The loss of diplomatic ally El Salvador to Beijing will have little effect on Taiwan’s economy or financial stability due to the nation’s relatively low exposure, financial and economic officials said yesterday.
The Latin American nation is Taiwan’s 73th-largest trading partner, with bilateral trade totaling US$60.28 million last year, an increase of 12.14 percent from a year earlier, the officials said.
The figure accounted for only 0.03 percent of Taiwan’s GDP, they said.
The diplomatic setback might call a free-trade agreement into question, but the government has yet to receive a formal notice, they said.
Unilaterally terminating the agreement would require a notification period of 180 days, during which the agreement would remain in effect, the officials said.
Under the agreement, Taiwan exports 3,500 tax-free items to El Salvador, while allowing the import of 5,600 tax-free items from the Latin American nation, they said.

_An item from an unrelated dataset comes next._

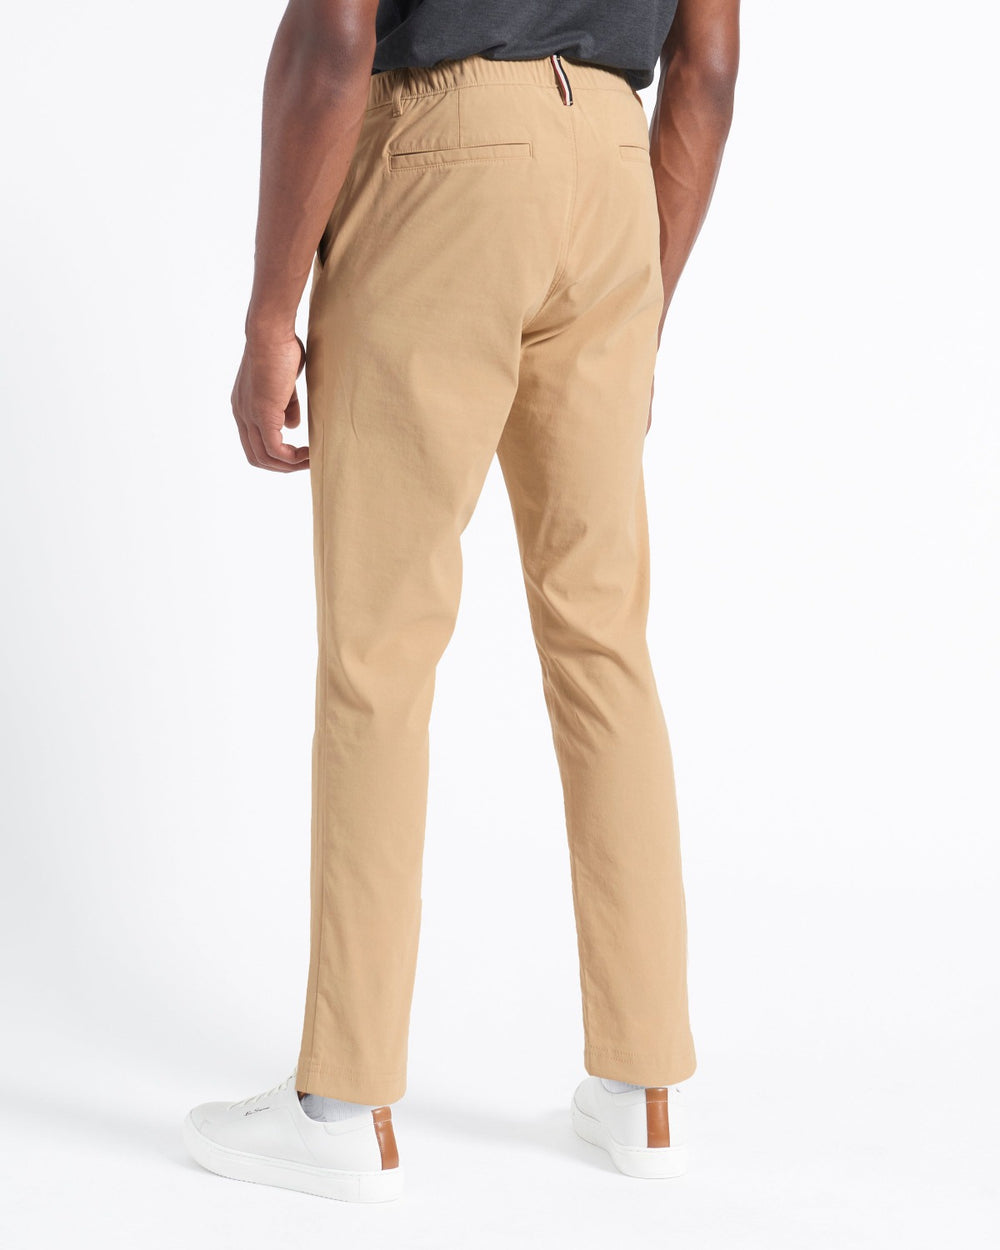 Shop 5 Pack of Men's Khaki Stretcher Trousers - Multi-color

Local firms mainly sell plastic products, machinery equipment and auto parts to El Salvador, and import sugar cane, recycled paper and steel products, they added.
The two sides have also inked memorandums of understanding on intellectual property protection, exhibition cooperation as well as coffee and other business exchanges, the Bureau of Foreign Trade said.
Walter Yeh (葉明水), executive president of the Taiwan External Trade Development Council, said the trade promotion body would bypass El Salvador during an upcoming trip to Latin America and would call off a biannual trade show scheduled for November.
“We will need further assessments on trade events in the long term,” Yeh said.
Taiwan’s financial institutions have a mild exposure to El Salvador due to the absence of bank branches there, the Financial Supervisory Commission said.
As of last month, domestic banks had NT$19.59 million (US$637,488) in exposure to El Salvador and had set aside NT$135,000 as provision or impaired assets, the commission said.
Local investors have NT$4.15 billion in exposure to El Salvador through onshore and offshore trust funds, accounting for less than 1 percent of the funds’ net worth, the commission said.
Domestic life insurance, security and futures companies have zero exposure, it added.